The first majority Conservative Government for years have been in office for little over a hundred days and this policy framework will severely diminish their business credibility. That fact is evident not just because I say it is, but from the reaction of the business community. The senior vice-president of Veolia in the UK and Ireland has suggested that Ministers risk

“sending this country back to the dark ages”

when it comes to green policy. She said:

“What I don’t understand is why the government would apply the carbon levy on renewable energy plants which are carbon-positive—it’s illogical.”

Jon Ferris, the head of energy markets for the consultancy Utilitywise said the decision would

“do little to convince investors of UK policy stability”.

The chief executive officers of 10 leading environmental charities penned a strongly worded letter to the Prime Minister, pointing out that the Government’s rhetoric post-election runs entirely counter to that during the campaign, concluding:

“We have, as yet, seen no positive new measures that would restore the health of the environment or grow the low carbon economy.”

If the Minister does not like to hear it from me, perhaps he will take it from those on his own side, because there has been no shortage of criticism from Conservatives. Various members of the Conservative party have, quite rightly, failed to comprehend the lack of coherence not just in the Government’s climate change agenda since the election, but in their wider approach to ensuring that the UK is an attractive proposition for investors. The Conservative peer and former shadow Chief Secretary to the Treasury, Lord Flight, in a damning verdict of the Chancellor’s revenue-raising decisions, said:

“Charging renewable companies the Climate Change Levy is a contradiction of Government energy policy, which is still seeking to encourage Renewable Energy investment.”

The Chair of the Conservative Environment Network, Ben Goldsmith, wrote a letter to the Financial Times describing the climate change levy changes as “perverse” and “contradictory”. He even drew parallels with Greece:

“Introducing a retroactive subsidy cut with one month’s notice means more guesswork over what the government will do next—the very worst basis for raising capital. This makes the UK look more like the volatile markets of southern Europe—impacting on newbuilds and undermining confidence in generating assets.”

I often hear the Chancellor compare the UK to Greece, but I never thought I would hear a Conservative activist use his own words against him.
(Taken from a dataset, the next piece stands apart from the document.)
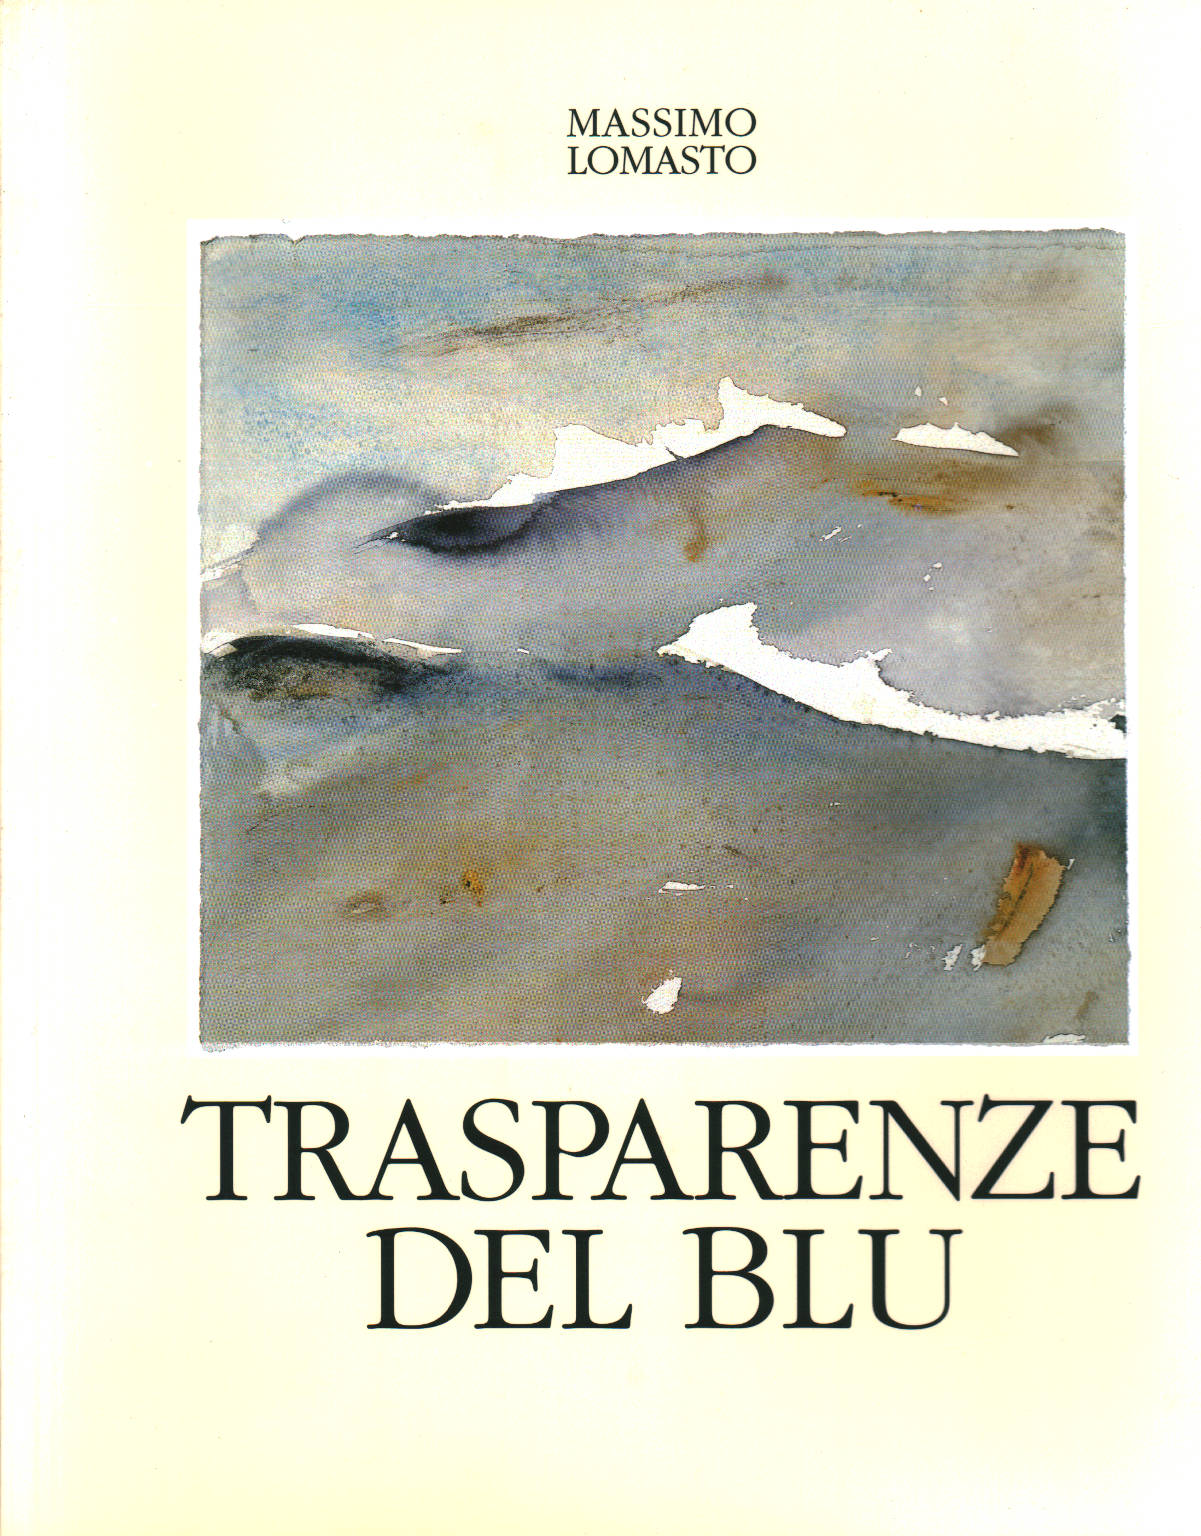 Trasparenze del blu, Massimo Lomasto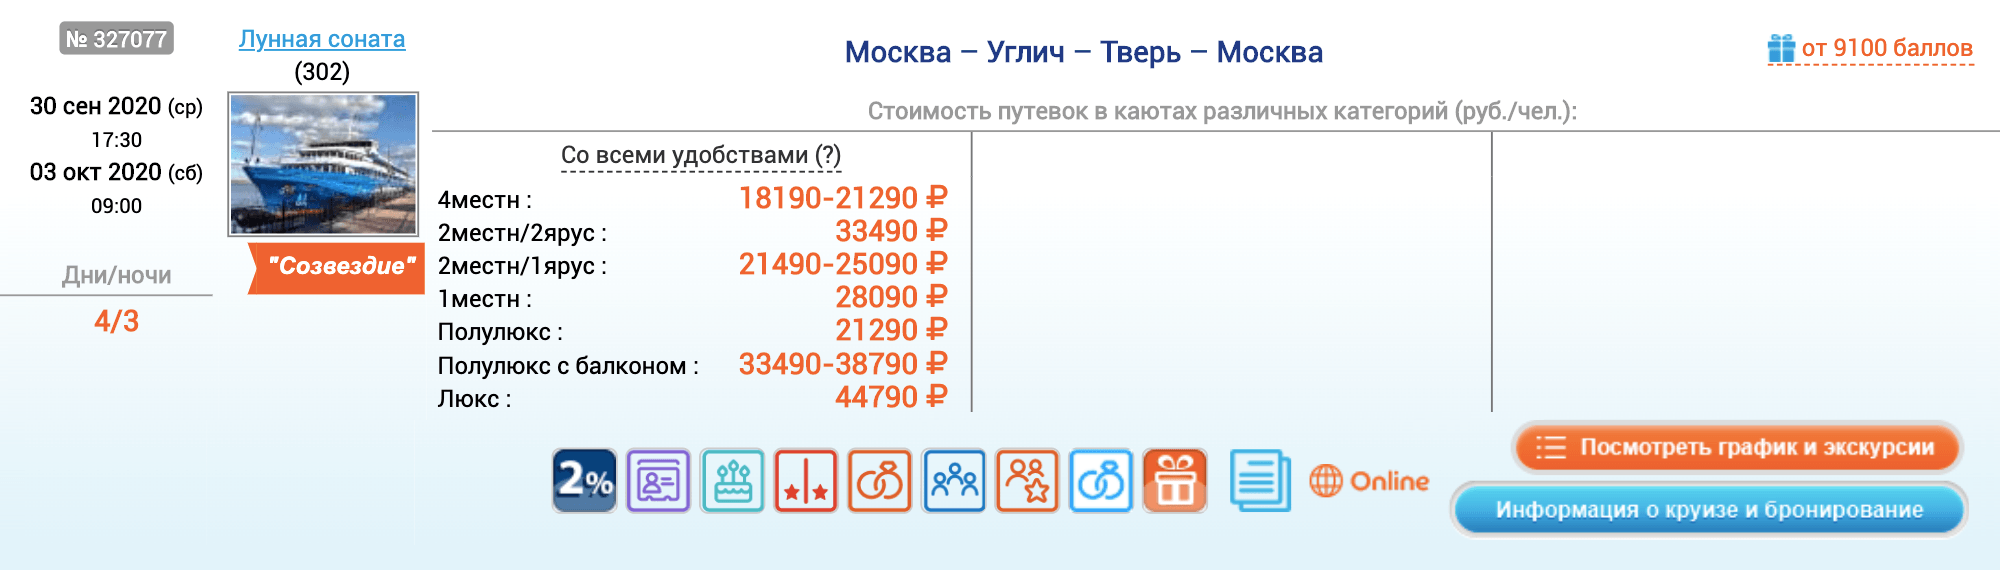 Осенью 2020 года можно съездить по маршруту Москва — Углич — Тверь — Москва. Билеты стоят от 17 490 ₽

The reaction across the business world and among other stakeholders speaks to a wider point about what these changes mean for the UK’s economic future. Despite the rhetoric from the Conservative Chancellor about a plan to boost productivity, deliver higher-skilled, higher-wage jobs, pursue cost-effective climate change policies and act always in a business-friendly manner, the truth is that clause 45, taken together with a string of other policy announcements since 7 May, symbolises the exact opposite of that approach.

As the Chancellor wrote in the foreword to his productivity plan in July:

“The drivers of productivity are well understood: a dynamic, open enterprising economy supported by long-term public and private investment in infrastructure, skills and science.”

I could not agree more. Unfortunately, the Chancellor’s actions in recent months speak louder than his words ever will. He would do well to heed the advice of some in his own party, including the hon. Member for Selby and Ainsty and those I have just quoted.

New clause 2 calls on the Government to assess all of the impacts I have just outlined. It aims to highlight the true impact of removing the climate change levy exemption for renewable-sourced electricity. It asks Ministers a number of questions that are crucial to the future of the UK’s green economy, its role in achieving a more balanced, productive economy, and the UK’s role in the world. How does the removal of the exemption affect existing renewables generators and projects currently in the pipeline? What impact will clause 45 have on investor confidence? Finally, what does it mean for the UK’s ability to meet its climate change commitments?